>>

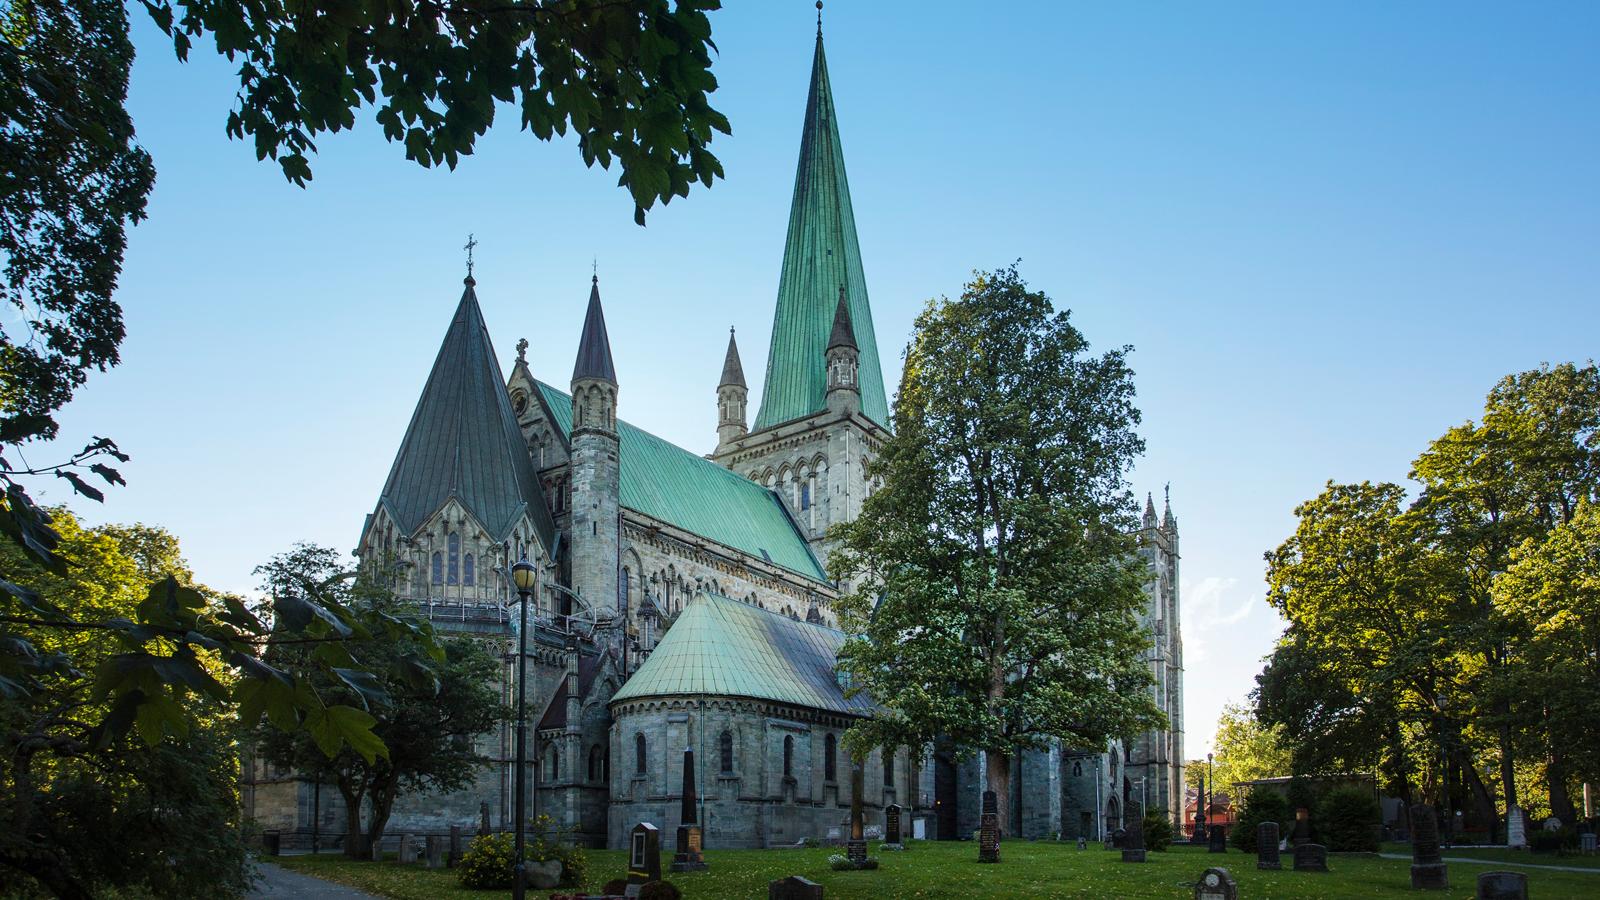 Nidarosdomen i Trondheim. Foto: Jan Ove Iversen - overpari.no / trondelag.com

<<
>>

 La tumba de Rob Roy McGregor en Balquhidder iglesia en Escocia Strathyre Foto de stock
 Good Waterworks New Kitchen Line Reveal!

<<

Try it –
In the entries above, find the line holding "La tumba de" and the line holding "Good Waterworks New Kitchen Line Reveal!", then retype exactly those two lines and every line between them, and nothing else.

Problem solution –
 La tumba de Rob Roy McGregor en Balquhidder iglesia en Escocia Strathyre Foto de stock
 Good Waterworks New Kitchen Line Reveal!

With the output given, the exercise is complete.